WHAT TO DO: Each line from the one with "1_infografía Ruta agendamiento" through the final line of the entries below must be printed exactly, and the pictures must not be.

TASK INPUT:
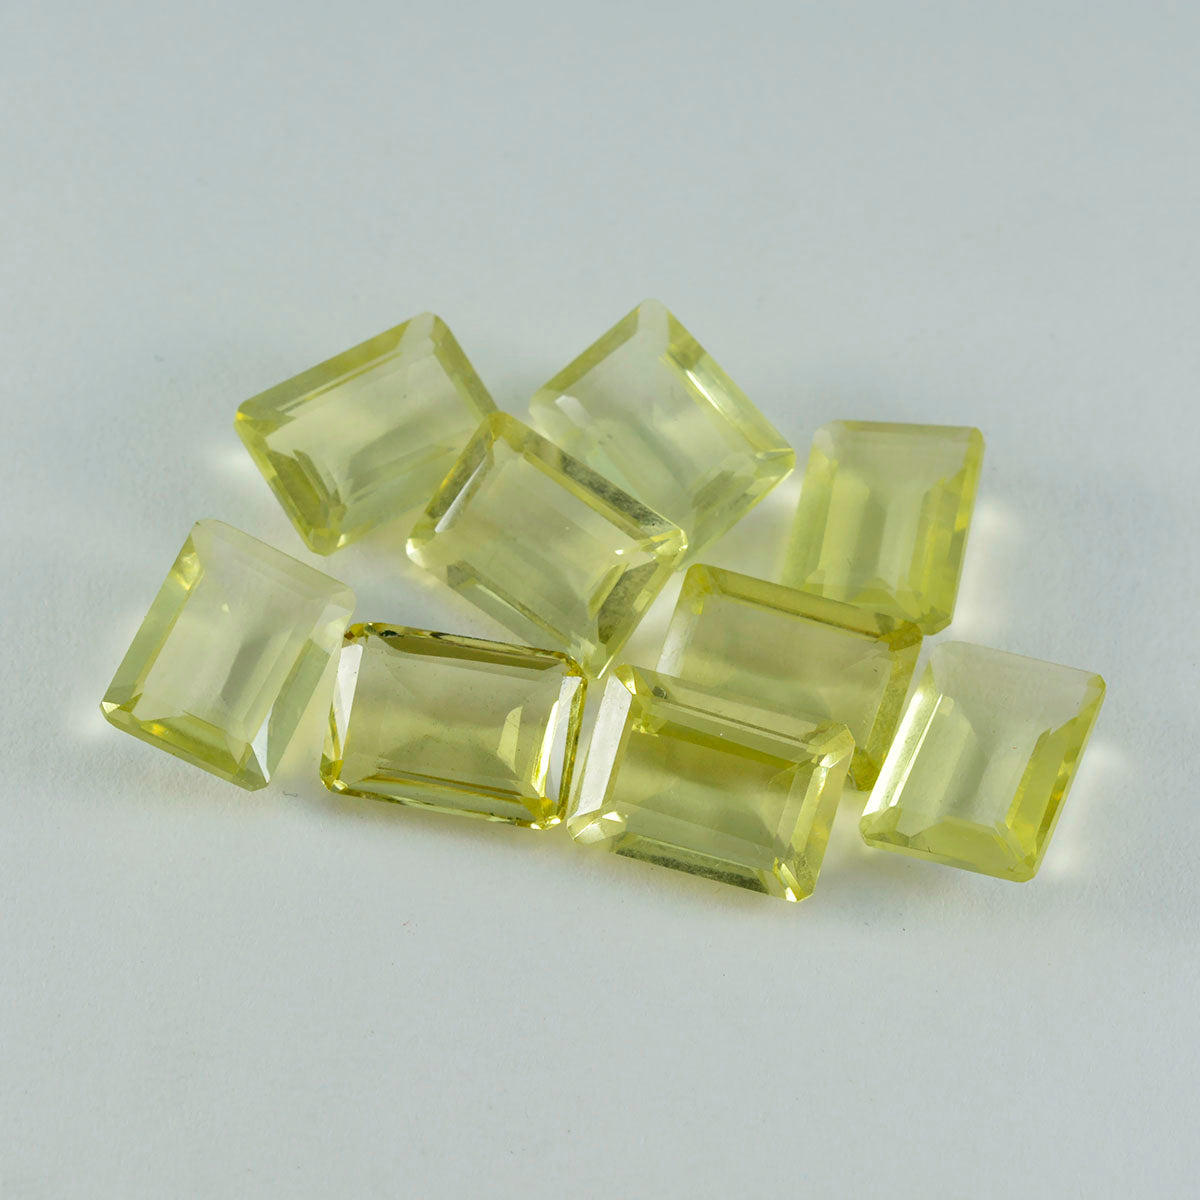 riyogems 1шт желтый лимонный кварц ограненный 8x10 мм восьмиугольная форма хорошее качество драгоценные камни
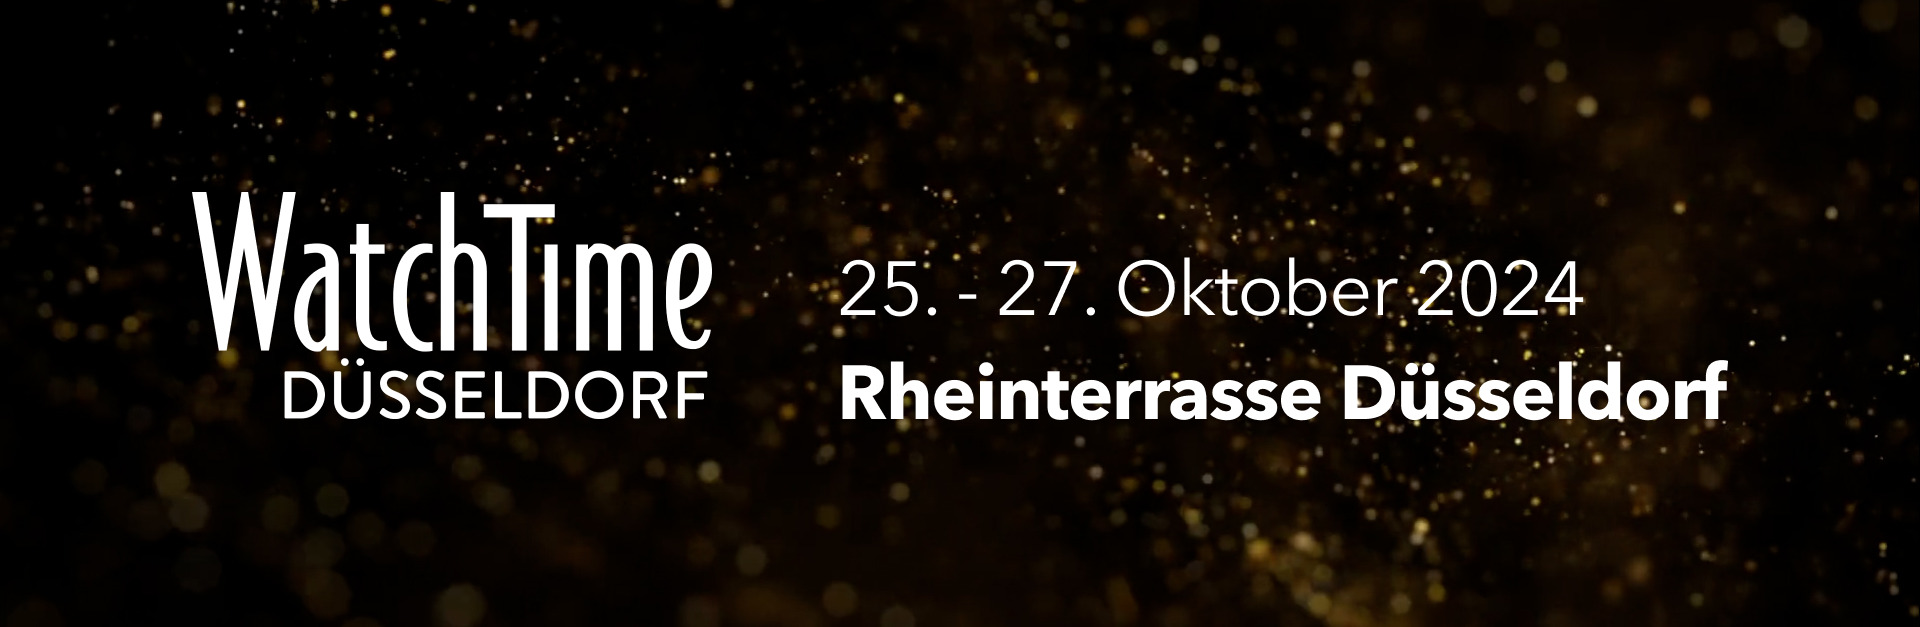 Header mit Informationen zum Event WatchTime Düsseldorf 25. -27. Oktober 2024 in der Rheinterrasse Düsseldorf.
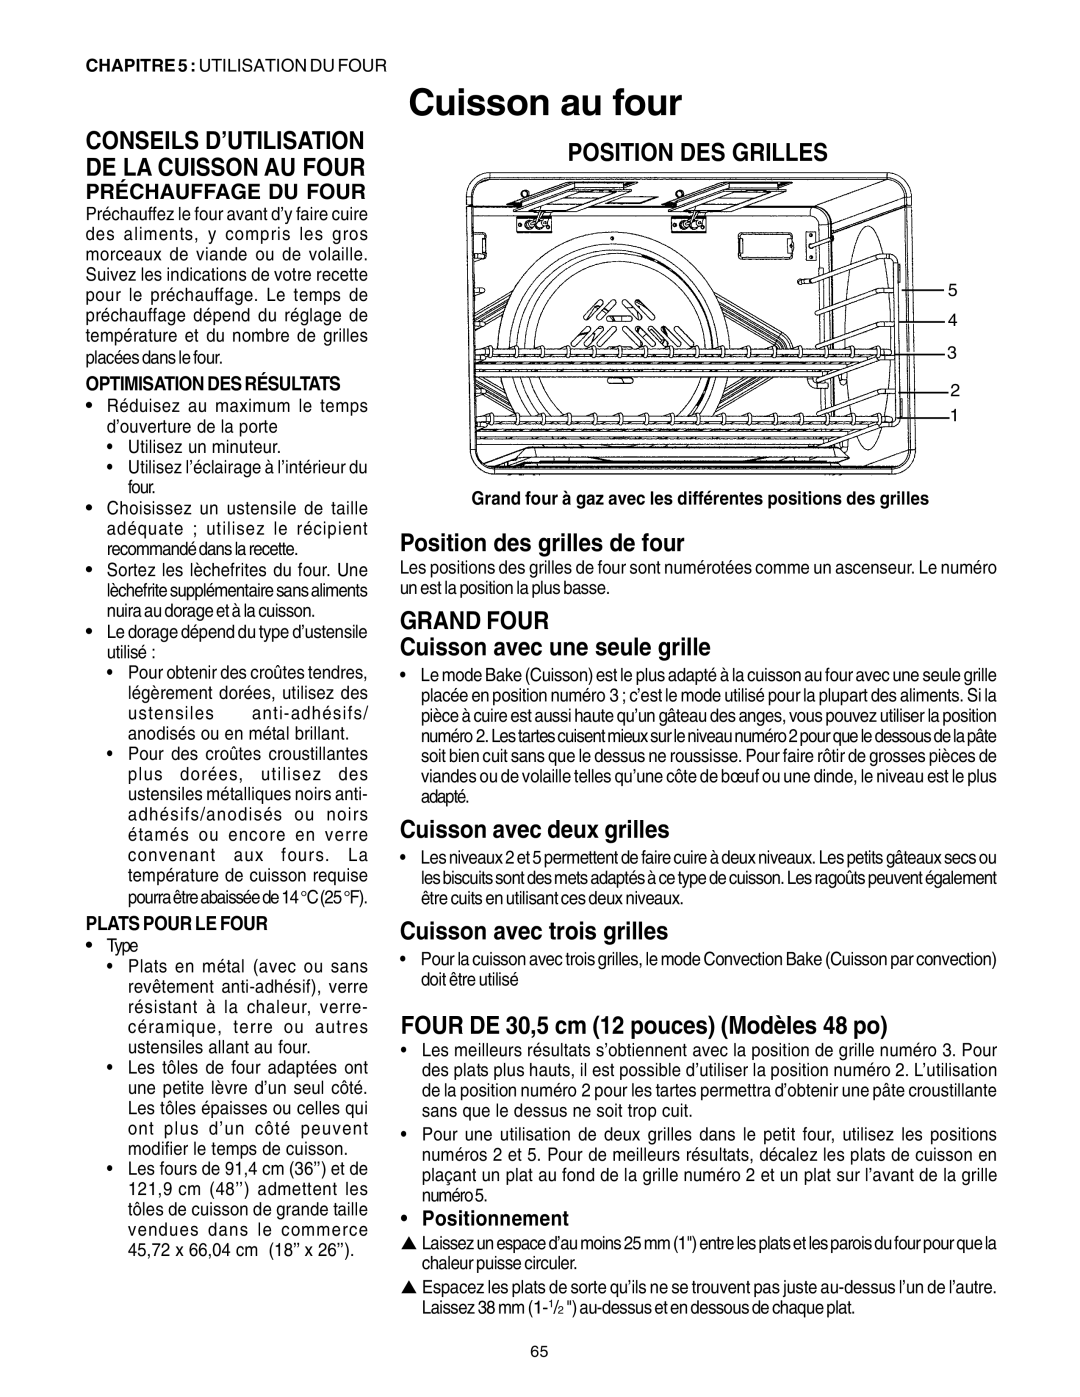 Thermador PRG36, PRG30 manual Cuisson au four, Position Des Grilles, Position des grilles de four, Cuisson avec deux grilles 
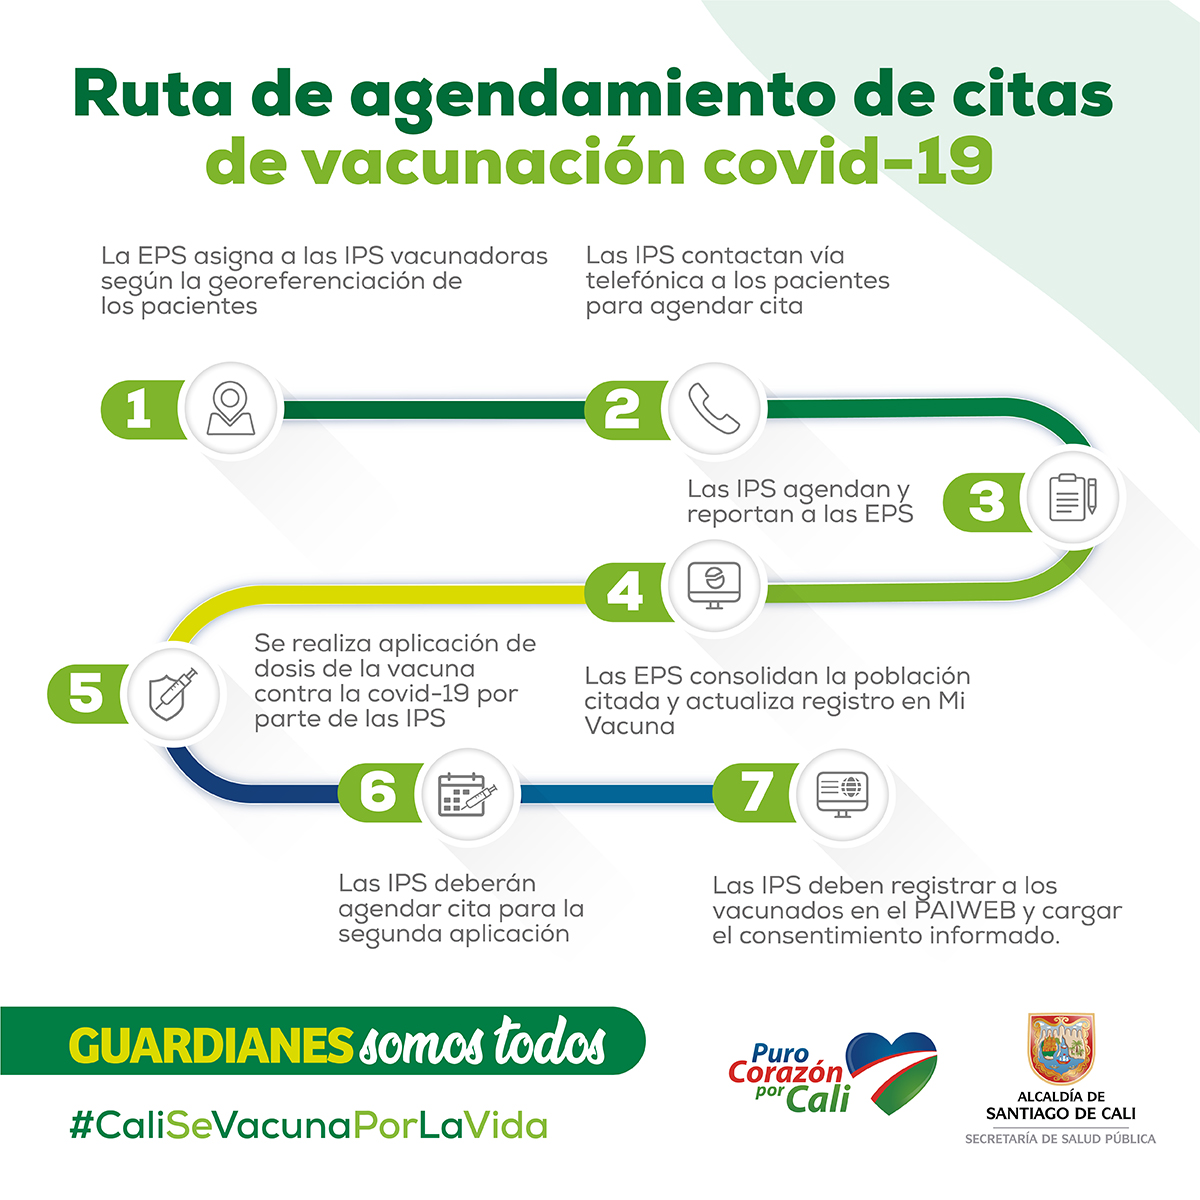 1_infografía Ruta agendamiento citas vacunación covid
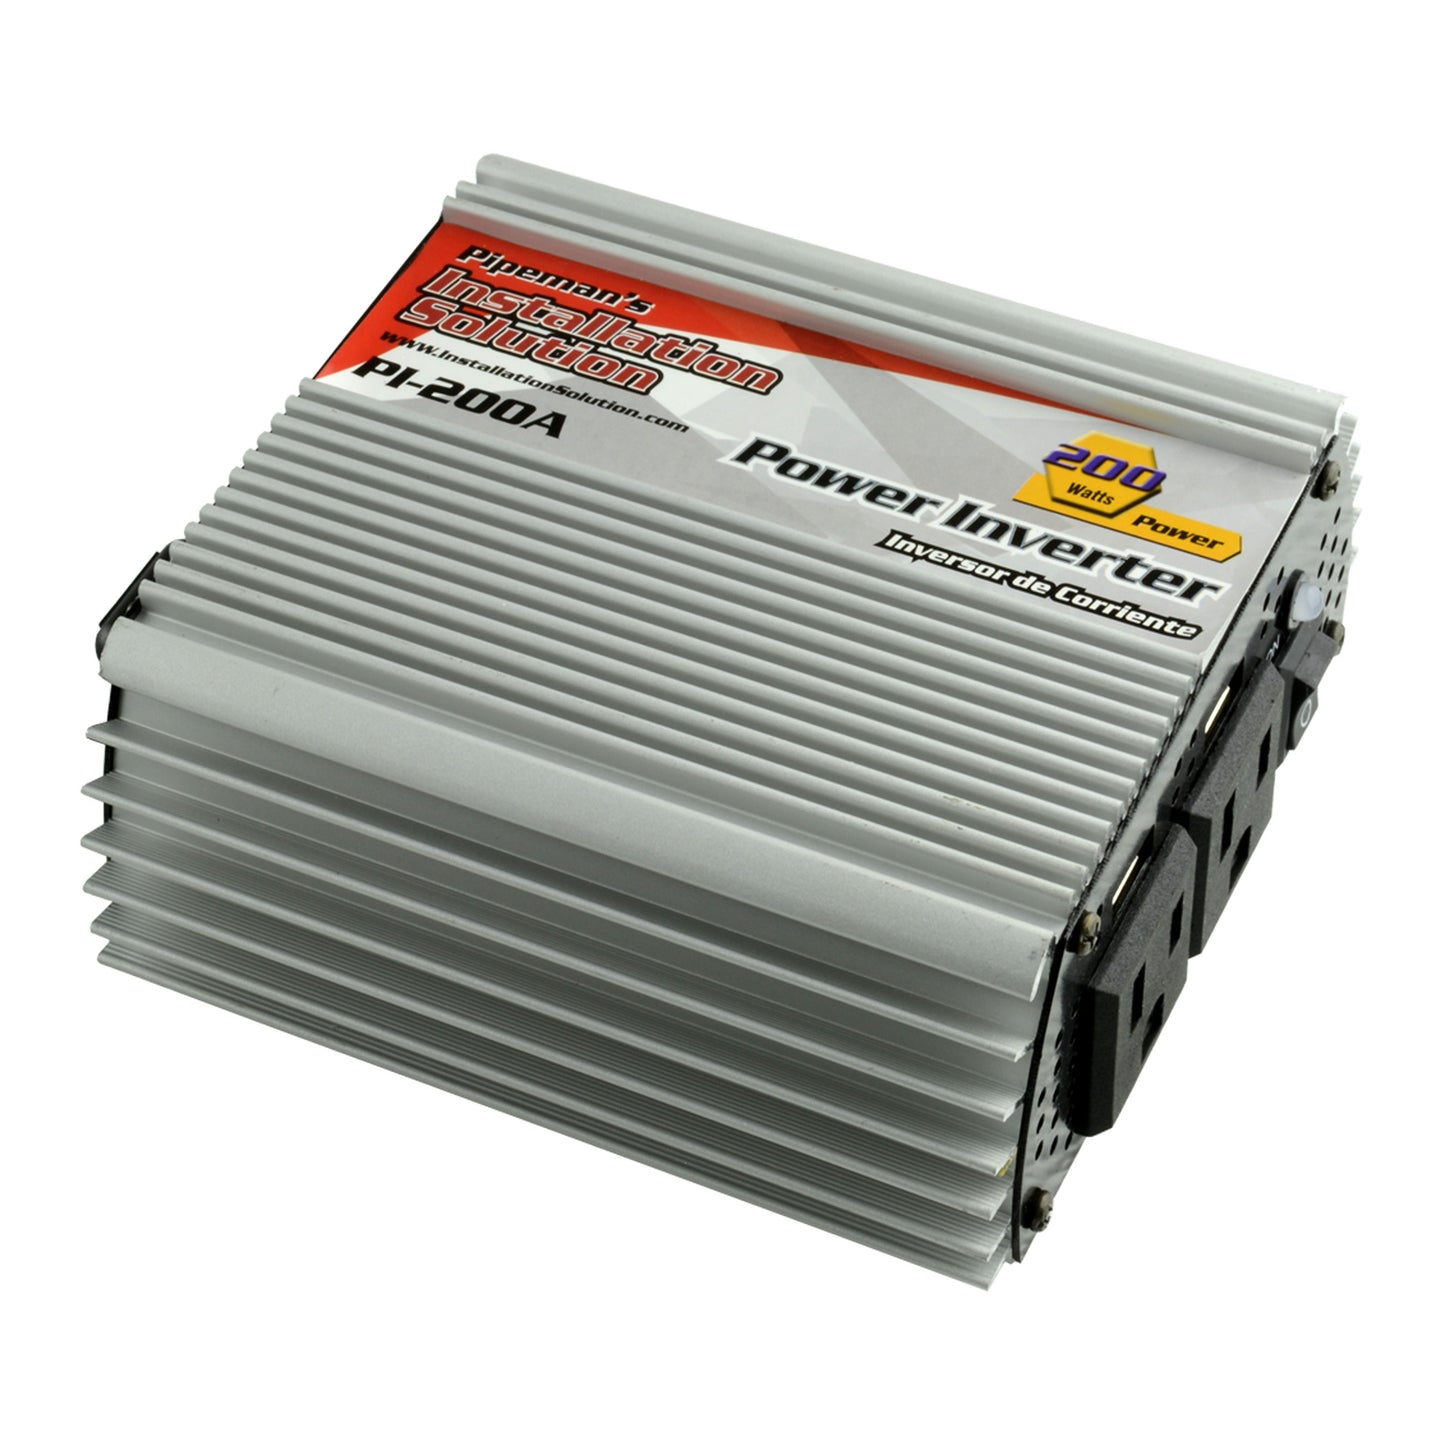 PI-200A - 200 Watts 12V DC to 110V AC Power Inverter
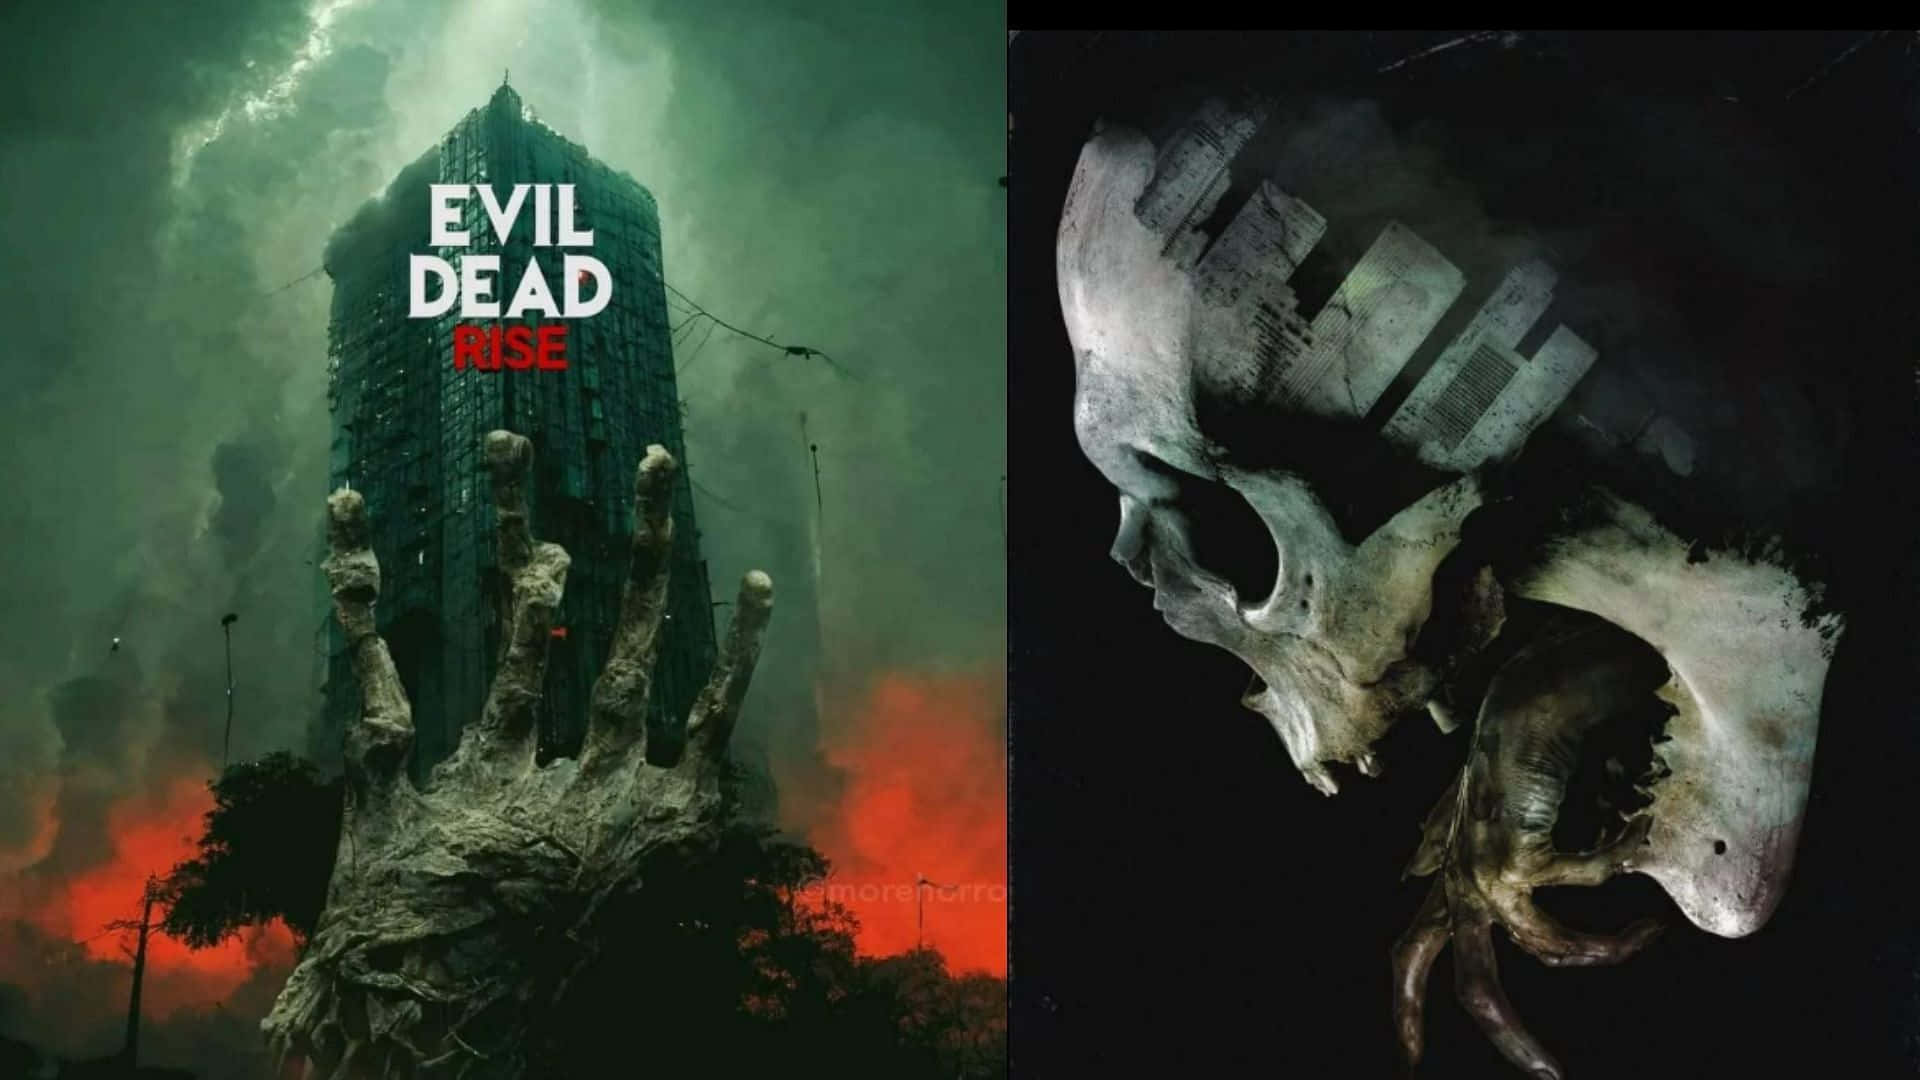 Evil Dead Rise Movie Posterand Skull Artwork Wallpaper

OUTPUT OF THE EXERCISE:
 1_infografía Ruta agendamiento citas vacunación covid
 PI-200A - 200 Watts 12V DC to 110V AC Power Inverter
 Evil Dead Rise Movie Posterand Skull Artwork Wallpaper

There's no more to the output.